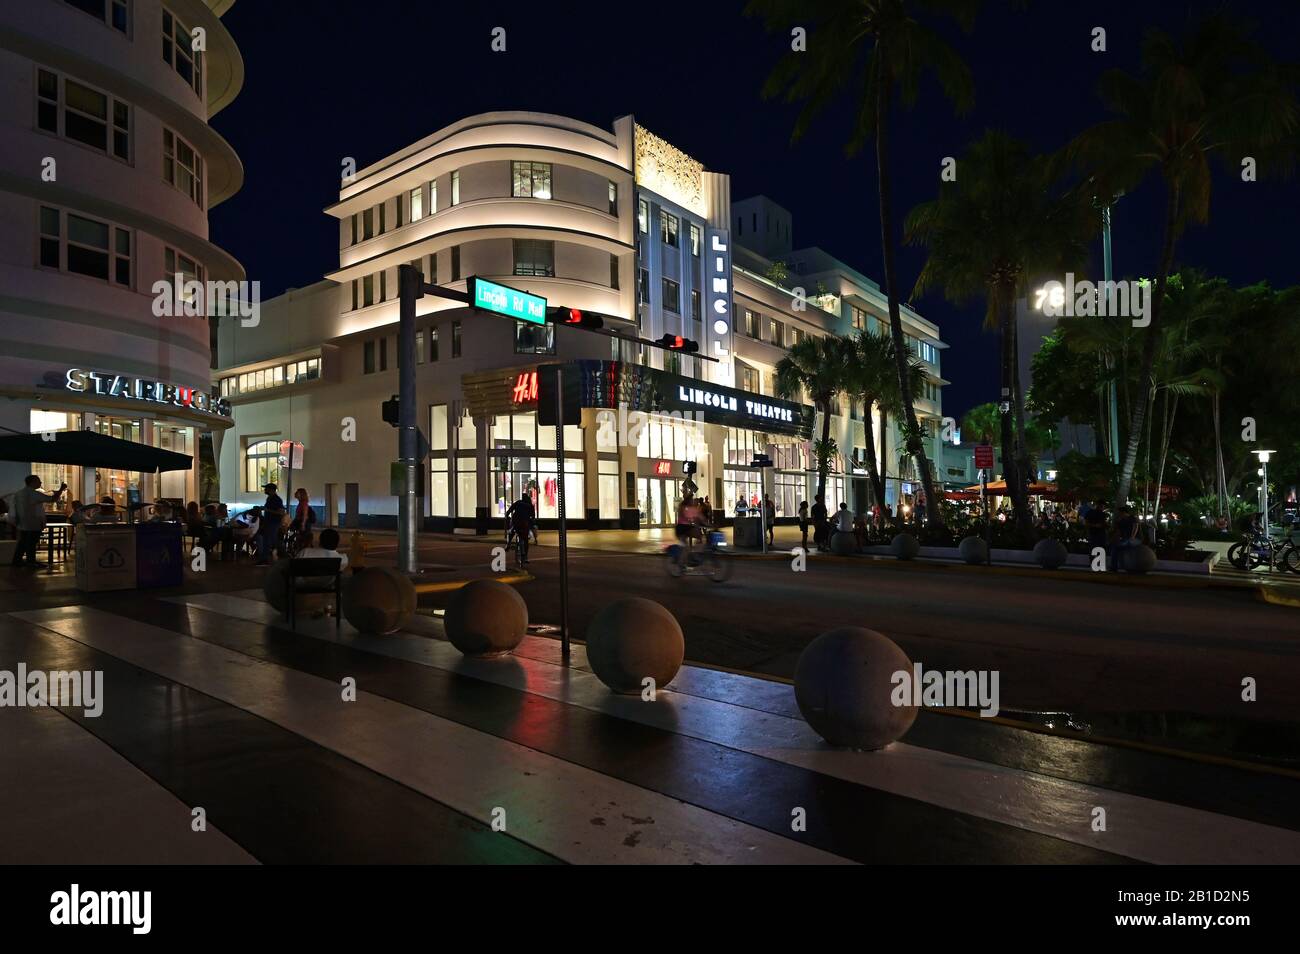 Miami Beach, Florida - February 17, 2020 - Lincoln Theatre on Lincoln Road Mall at night. Stock Photo
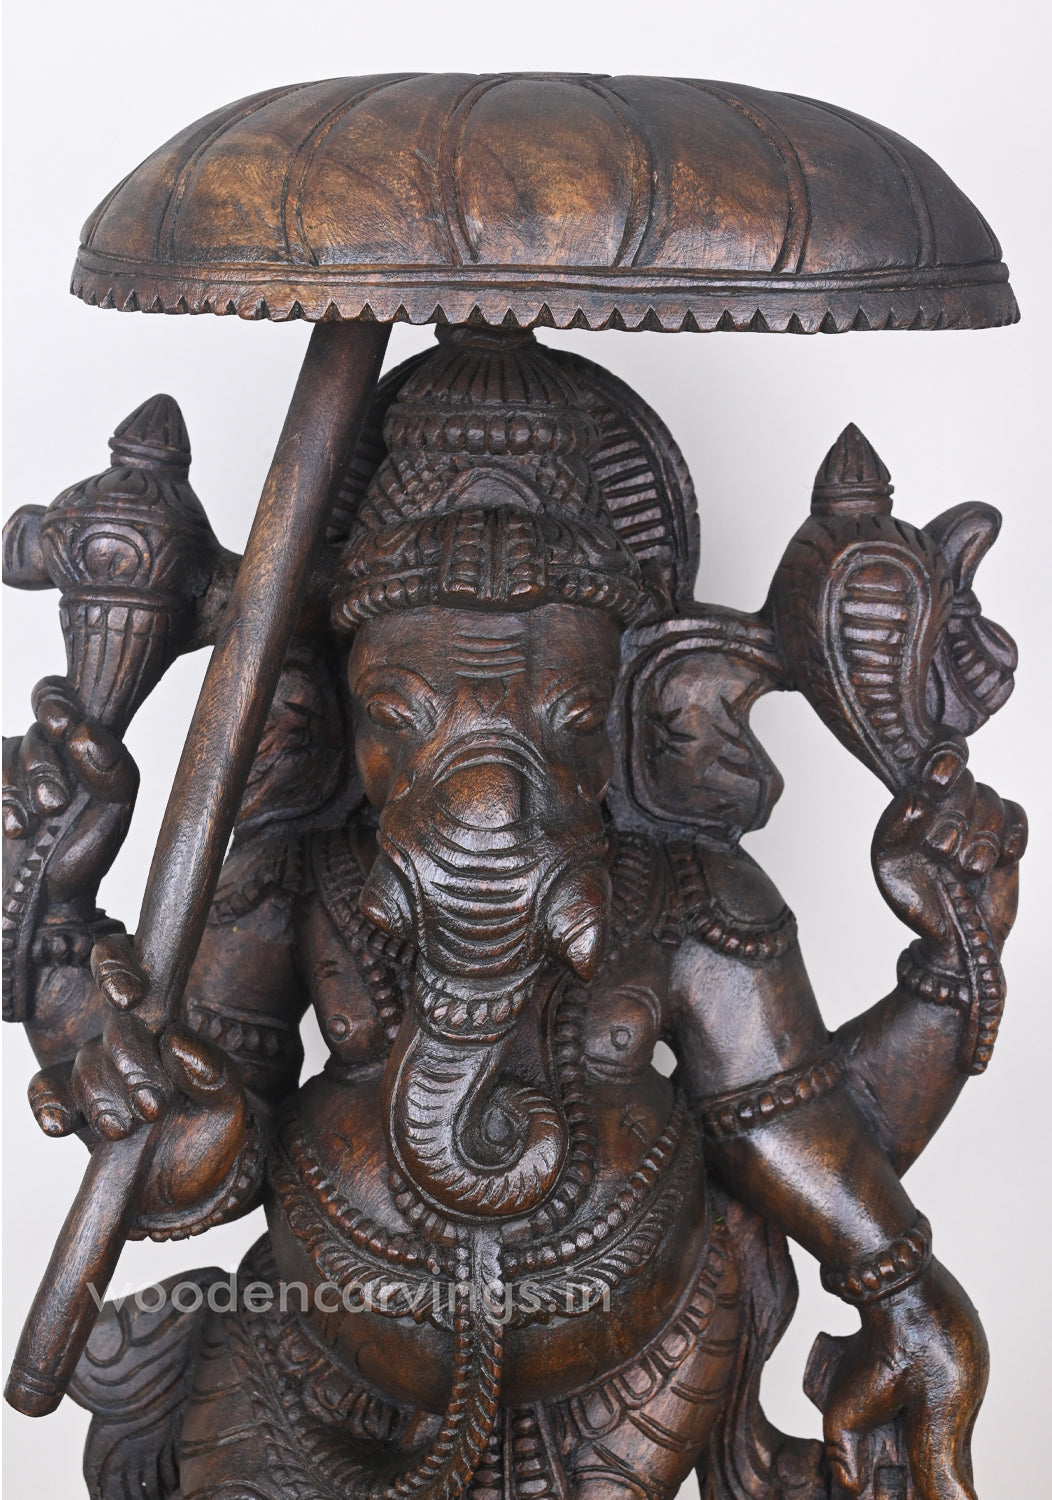 Masterpiece of Standing Umbrella Ganesha Holding Kamandalam Wooden Sculpture 25"
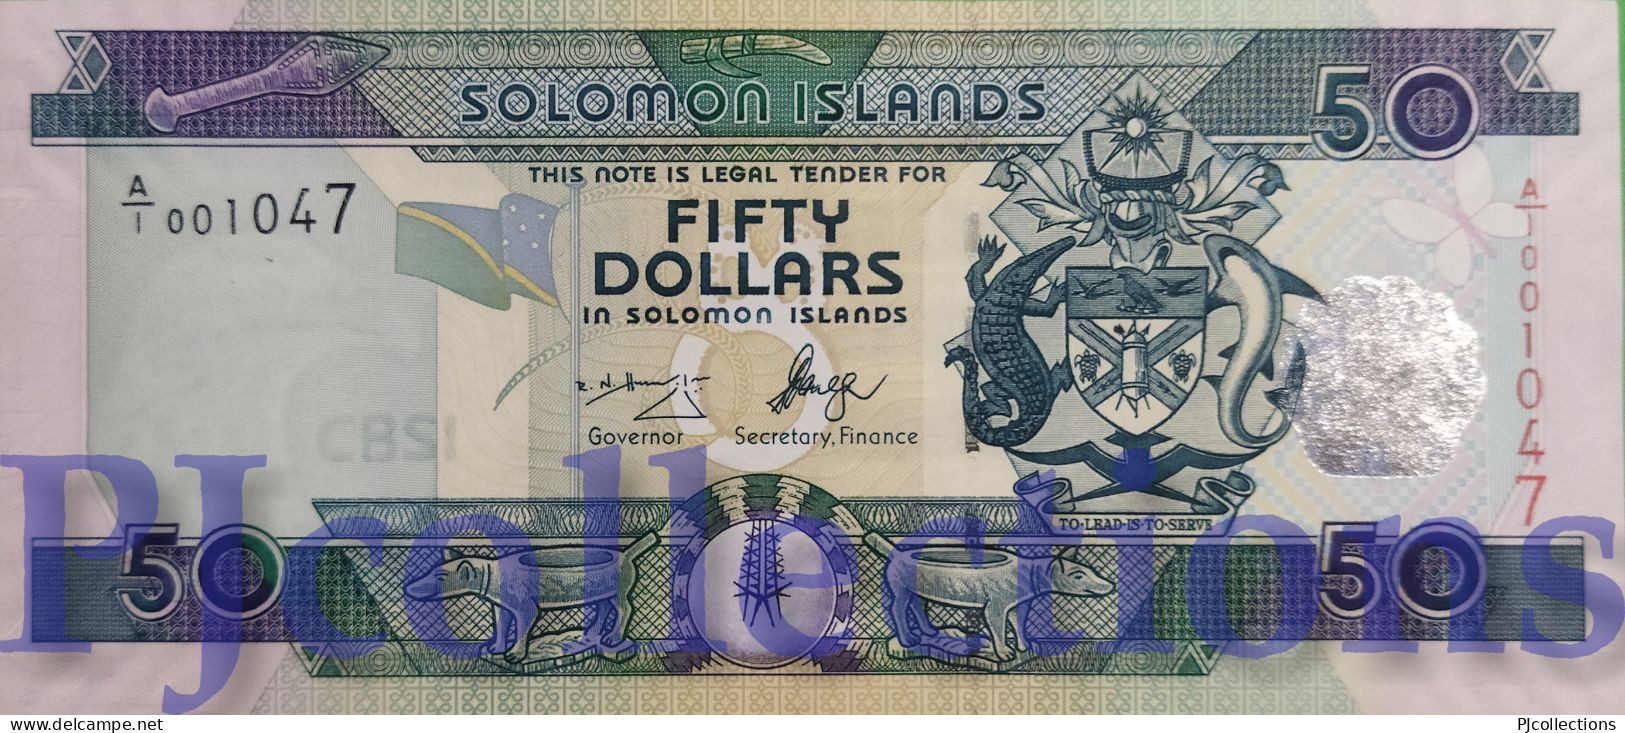 SOLOMON ISLANDS 50 DOLLARS 2004 PICK 29 UNC LOW SERIAL NUMBER "A/1 001038" - Isla Salomon
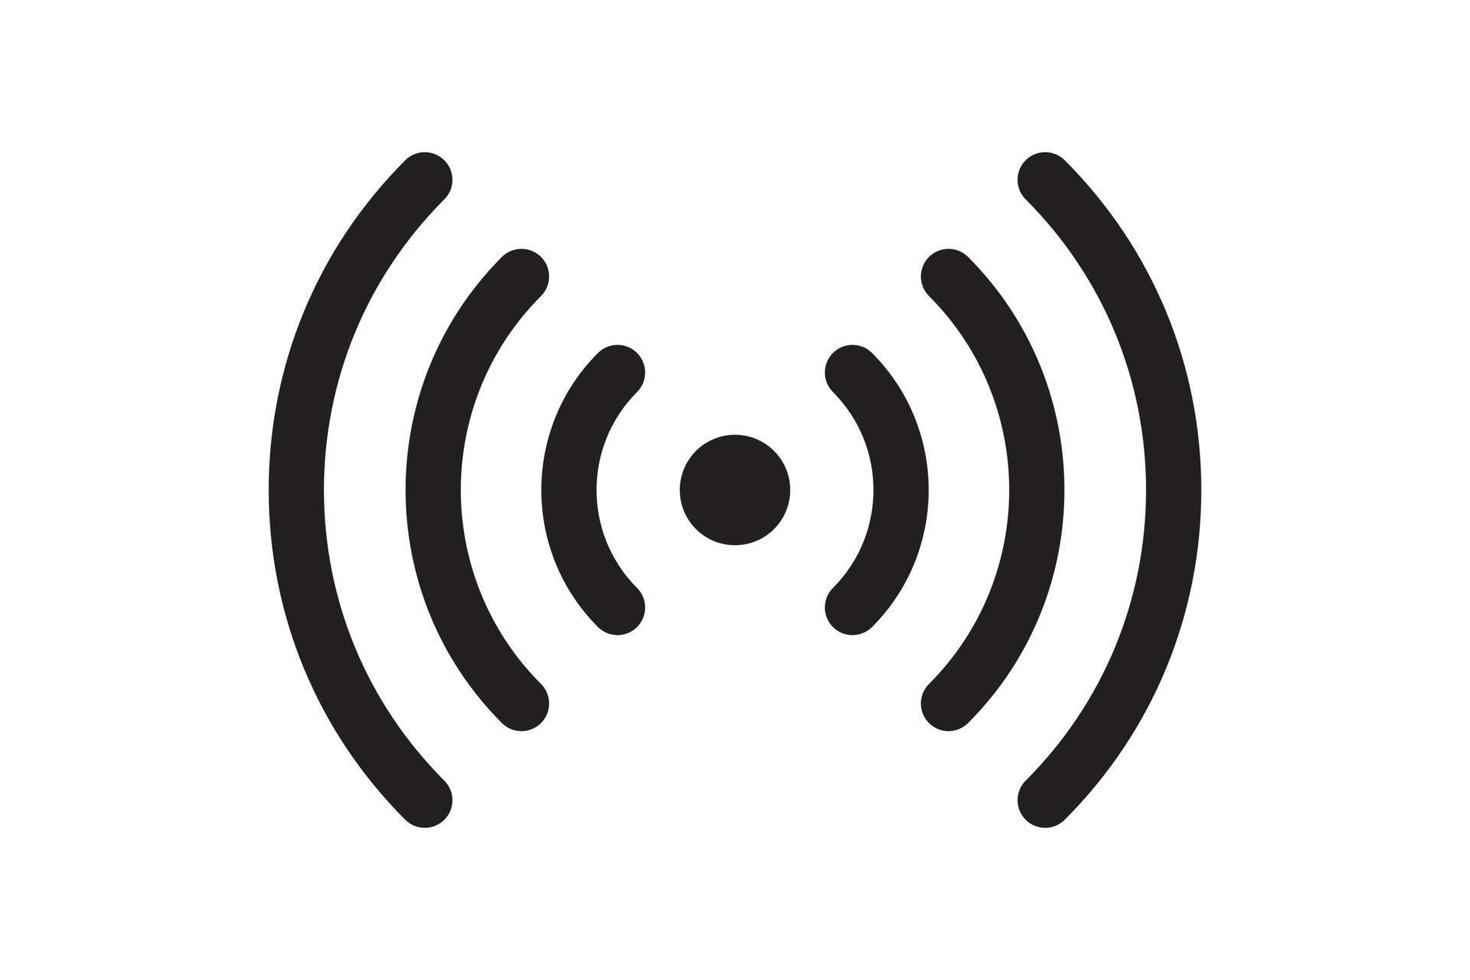 conexión de señal de símbolo wi fi. señal de tecnología inalámbrica de internet vectorial. icono de comunicación de red wifi. vector
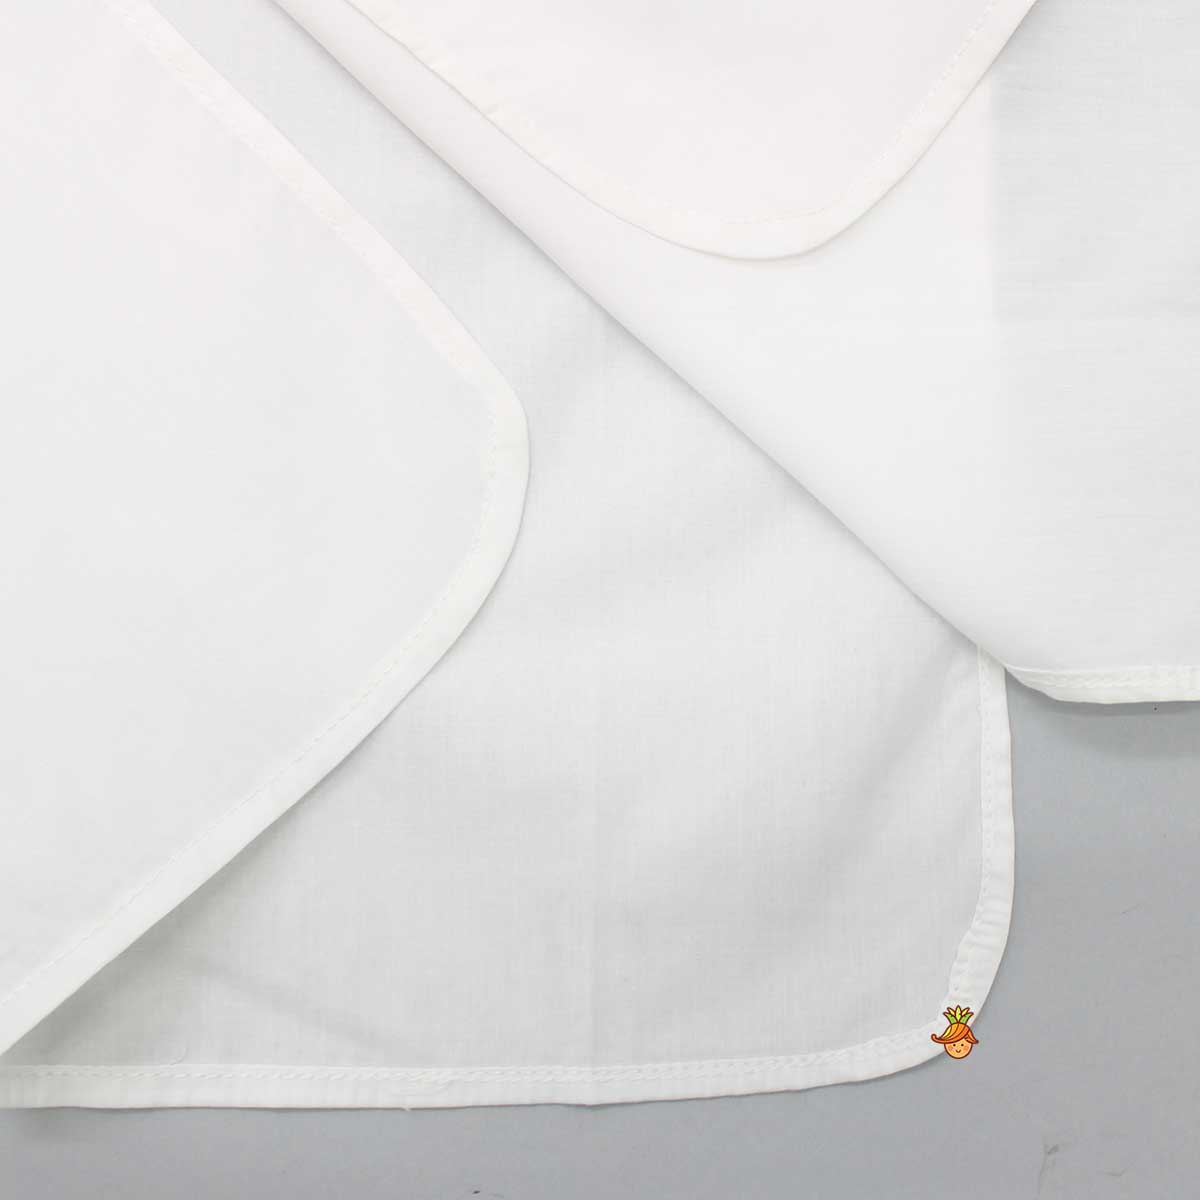 Contrasting Patch Pocket White Kurta And Pyjama

==========

Please restate exactly the lines from the one containing "conexión de señal" down to the end of the material, both ends kept, and do not include the pictures.

 conexión de señal de símbolo wi fi. señal de tecnología inalámbrica de internet vectorial. icono de comunicación de red wifi. vector
 Contrasting Patch Pocket White Kurta And Pyjama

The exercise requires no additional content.